Как раз в этот момент в дверях появляется повар Вахитов, он тоже невесел.
— Товарищ комбат, ужинать-то будете?
— Будем! — отвечаю я. — И в женском обществе! А ну, товарищи, устроим званый ужин!
Старик повар вмиг преображается, радостно всплескивает руками, ему приятно мое оживление. Однако тотчас огорчение, испуг проглядывают в складочках лица.
— Товарищ комбат, на ужин у меня только гречневая каша.
Я не теряюсь.
— В таком случае званый чай!
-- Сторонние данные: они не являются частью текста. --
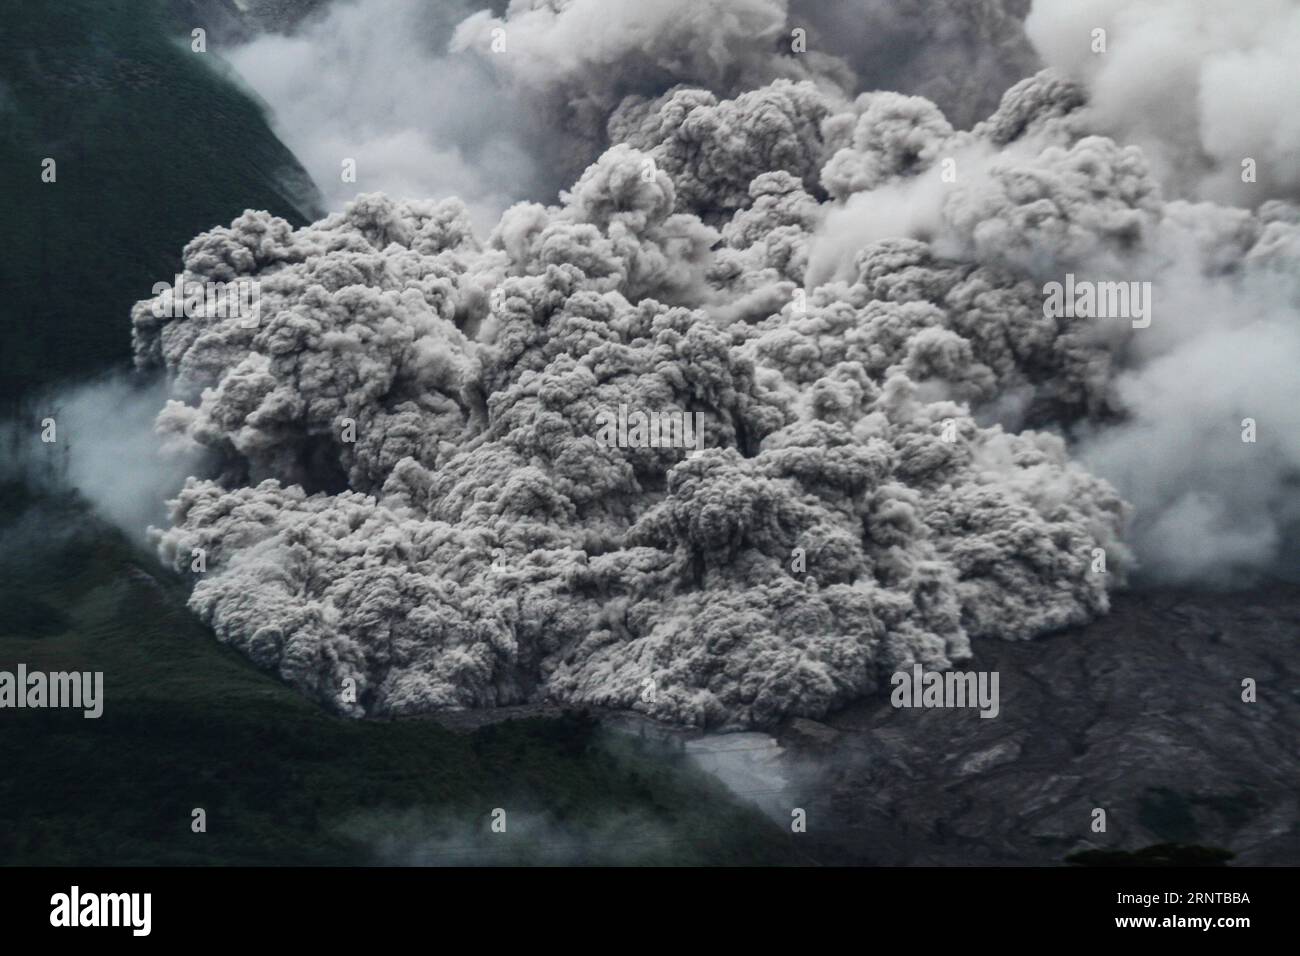 (171105) -- PECHINO, 5 novembre 2017 -- il Monte Sinabung lancia cenere e lava calda nel distretto di Karo, provincia indonesiana di Sumatra settentrionale, 3 novembre 2017. ) XINHUA PHOTO WEEKLY CHOICES AlbertxDamanik PUBLICATIONxNOTxINxCHN Foto Stock

Товарищи, требуется снарядить дипломатическую миссию: комбат-де просит забыть о его грубостях, приносит покорнейшие извинения. Бозжанов, возьмешься быть моим послом?
Вижу: усталая, посеревшая было физиономия Бозжанова опять залоснилась. Он восклицает:
— Согласен! Отправляюсь на подвиг, товарищ комбат.
Наконец-то улыбка залетела к нам в штаб. Не остался в стороне и Толстунов — рассудительный старший политрук посоветовал своему другу-послу захватить с собою ловкого Гаркушу. Признаться, в душе я опять подивился Толстунову: черт возьми, все ему известно.
Так или иначе, полчаса спустя мы встретили, приветствовали гостей: женщину с майорскими шпалами в петлицах и Варю Заовражину.
— Доктор, — сказал я, — у нас, кажется, произошло небольшое столкновение.
— Небольшое? Предположим.
Я принес доктору свои извинения, а Варе незаметно показал кулак. И пригласил гостей к столу. Не жеманничая, Варя села как своя. Величественная «черненькая лебедь», поговорив по телефону со своим начальством, тоже согласилась разделить нашу трапезу. Однако она и теперь, при каждой встрече, любит мне припомнить, какую я ей задал трепку в Горюнах.
С окон сняты плащ-палатки, служащие нам шторами. Медленно занимается, яснеет утро. На воле тишина. Редкая пальба по Матренину и Горюнам оборвалась еще до рассвета; уснув, я не заметил, в какой час она кончилась. Серые тона ноябрьского утра постепенно становятся светлей. Вот чуть заголубело незаволоченное, как и вечером, небо. И вдруг, будто эта проглянувшая блеклая голубизна была сигналом, по всему фронту рявкнула, взгремела артиллерия немцев.
Вместе с Толстуновым и Бозжановым я вышел на улицу. Не усидел в штабе и Рахимов. Давно мы не слышали такого грома. Непрестанно возникали его гулкие раскаты. Так в штормовую погоду бьет, обрушивается на препятствие ревущая волна прибоя. Канонада как бы перекатывалась по фронту. Она то уходила вправо, то возвращалась, рокотала в той стороне, куда были выдвинуты роты Филимонова и Заева. Потом огневой бурун снова шел направо.